9-Fmoc-N (epsilon) -isopropyl-N (epsilon) -Boc-lysine [ Fmoc-L-ILys (Boc) -OH ]

Acetonitrile

2-propanol (isopropanol) (IPA)

Ethanol, 99.9% (EtOH)

Methanol (MeOH)

Pure water (water)

Ethyl acetate (AcOEt)

Acetic acid (AcOH)

Aqueous ammonium hydroxide solution (Aq. NH3)

Ammonium acetate (AcONH4)

Acetyl imidazole

N-methylmorpholine (NMM)

N-methylpyrrolidone (NMP)

N, N' -Diisopropylcarbodiimide (DIC)

N, N-Dimethylformamide (DMF)

N, N-Dimethylacetamide (DMA)

Dimethyl sulfoxide (DMSO)

Dicyclohexylamine (DCHA)

1-hydroxybenzotriazole (HOBt)

Aqueous sodium hydroxide solution (Aq. NaOH)

Aqueous hydrochloric acid (Aq. HCl)

Phosphoric acid (H)₃PO₄)

Trifluoroacetic acid (TFA)

Diisopropylethylamine (DIEA)

Ethanedithiol (EDT)

Isopropyl ethyl ether (IPE)

Control In Processing (IPC)

Benzyloxycarbonyl (Z)

1, 8-diazabicyclo [5.4.0] -undec-7-ene (DBU)

Example 1

Hydantoin formation in the synthesis of degarelix. During the production of degarelix, rearrangement of the hydrogenated orotic groups to hydantoin acetyl groups was observed in two stages and under two alkaline conditions.

The first rearrangement occurs in the fragment Z-Ser (tBu) -4Aph (hor) -D-4Aph (tBu-Cbm) -Leu-ILys (Boc) -Pro-D-Ala-NH₂In the alkaline extraction process. The pH was adjusted to 9.1 with concentrated NaOH solution in an organic/aqueous biphasic system, thus forming 4.5 wt% hydantoin analog. The mechanism is seen to consist of two steps: (a) the six-membered hydrogenated orotic acid moiety is hydrolyzed under alkaline conditions and then ring-closed under acidic conditions to form a five-membered hydantoin analog.

The second rearrangement occurs during the evaporation of the fragment Z-Ser (tBu) -4Aph (hor) -D-4Aph (tBu-Cbm) -Leu-OHDHA. After the above extraction, Z-Ser (tBu) -4Aph (hor) -D-4Aph (tBu-Cbm) -Leu-OH was dissolved in a mixture of ethyl acetate and 2-butanol. To isolate the fragments as DCHA salts after solvent evaporation followed by a precipitation step, DCHA (2.5 equivalents) was added. In a particular batch, the hydantoin analogs described above, as well as the hydrolyzed forms described above, may be observed. Hydantoin quantification was not possible because hydantoin was difficult to separate from other products by HPLC; the hydrolyzed form was formed in an amount of 1.34 wt.% of the combined product. Experimental evidence suggests that the amount of rearrangement/hydrolysis is related to the amount of DCHA used in the above process.
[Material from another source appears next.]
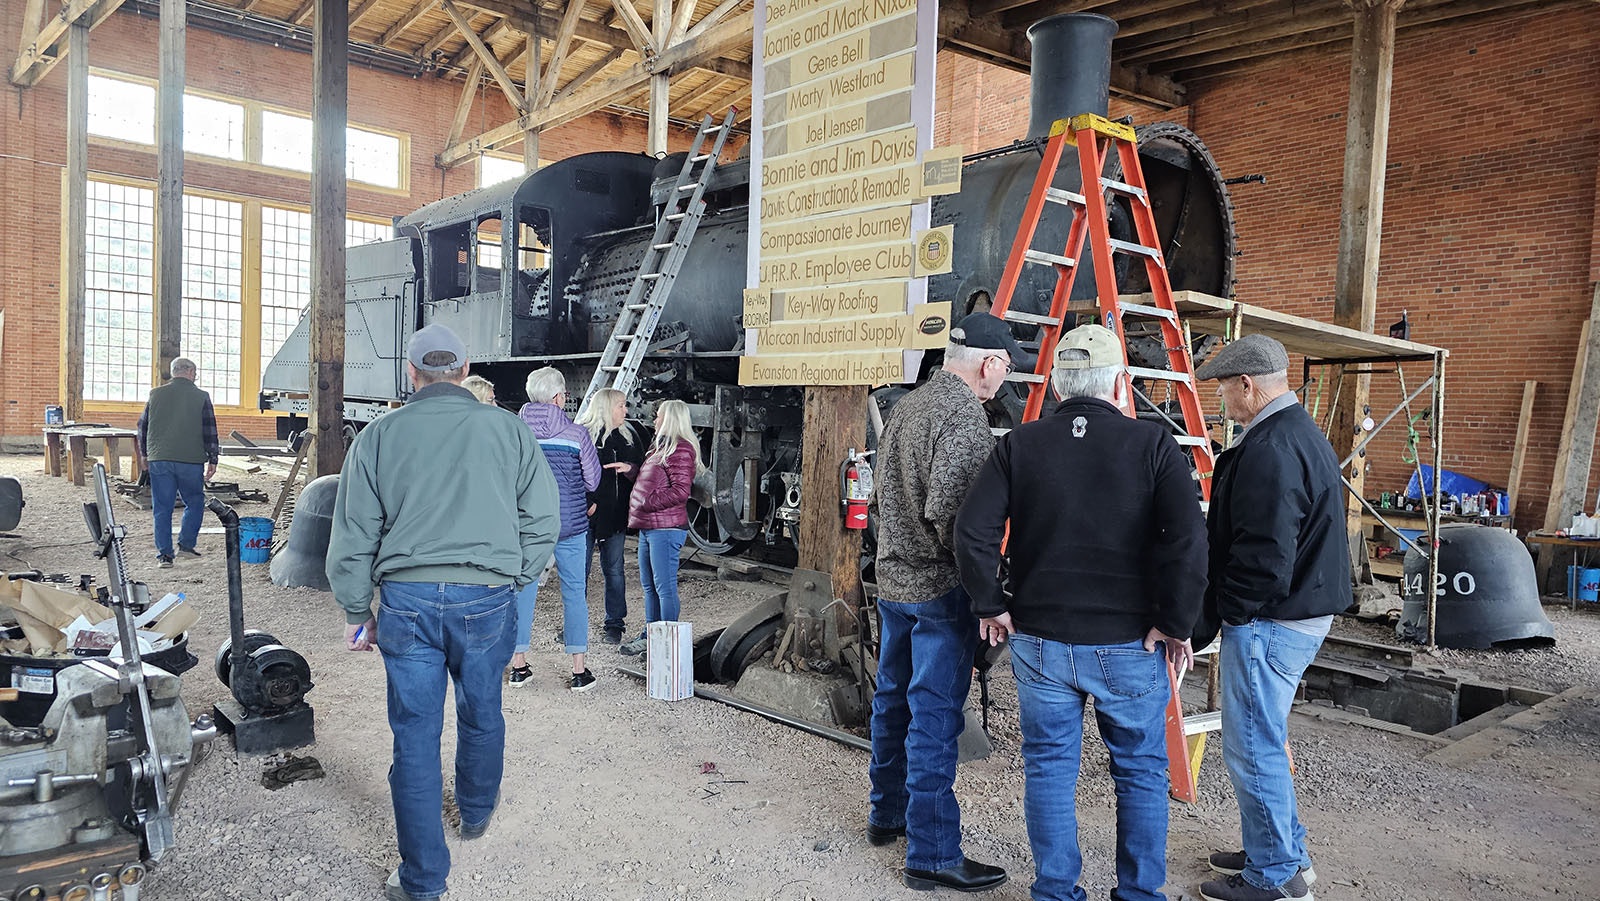 A group of people gather to look at 4420, a 110-year-old switch steam engine that's being restored in Evanston at the Roundhouse and Railyard.

The following experiment provides further evidence of the instability of the hydrogenated orotic acid moiety under alkaline conditions. Z-Ser (tBu) -4Aph (hor) -D-4Aph (tBu-Cbm) -Leu-OHDHA (67mM) and 167mM (2.5 equivalents) DCHA were dissolved together in aqueous 2-BuOH at 31.0 ℃. After 25 hours, 1.3% hydantoin analogs and 0.3% hydrolysis intermediates were formed.

Example 2

Stability of degarelix in DBL VDMF and piperidine/DMF. The stability of degarelix was determined under conditions corresponding to those used for the Fmoc group elimination during SPPS. Hydrogenated orotate groups on the side chain of the 5 th amino acid residue in the degarelix sequence, i.e. 4aph (hor), are known to be sensitive to bases and to rearrange to hydantoin acetyl groups. All SPPS procedures known to the present inventors are based on Boc-chemistry.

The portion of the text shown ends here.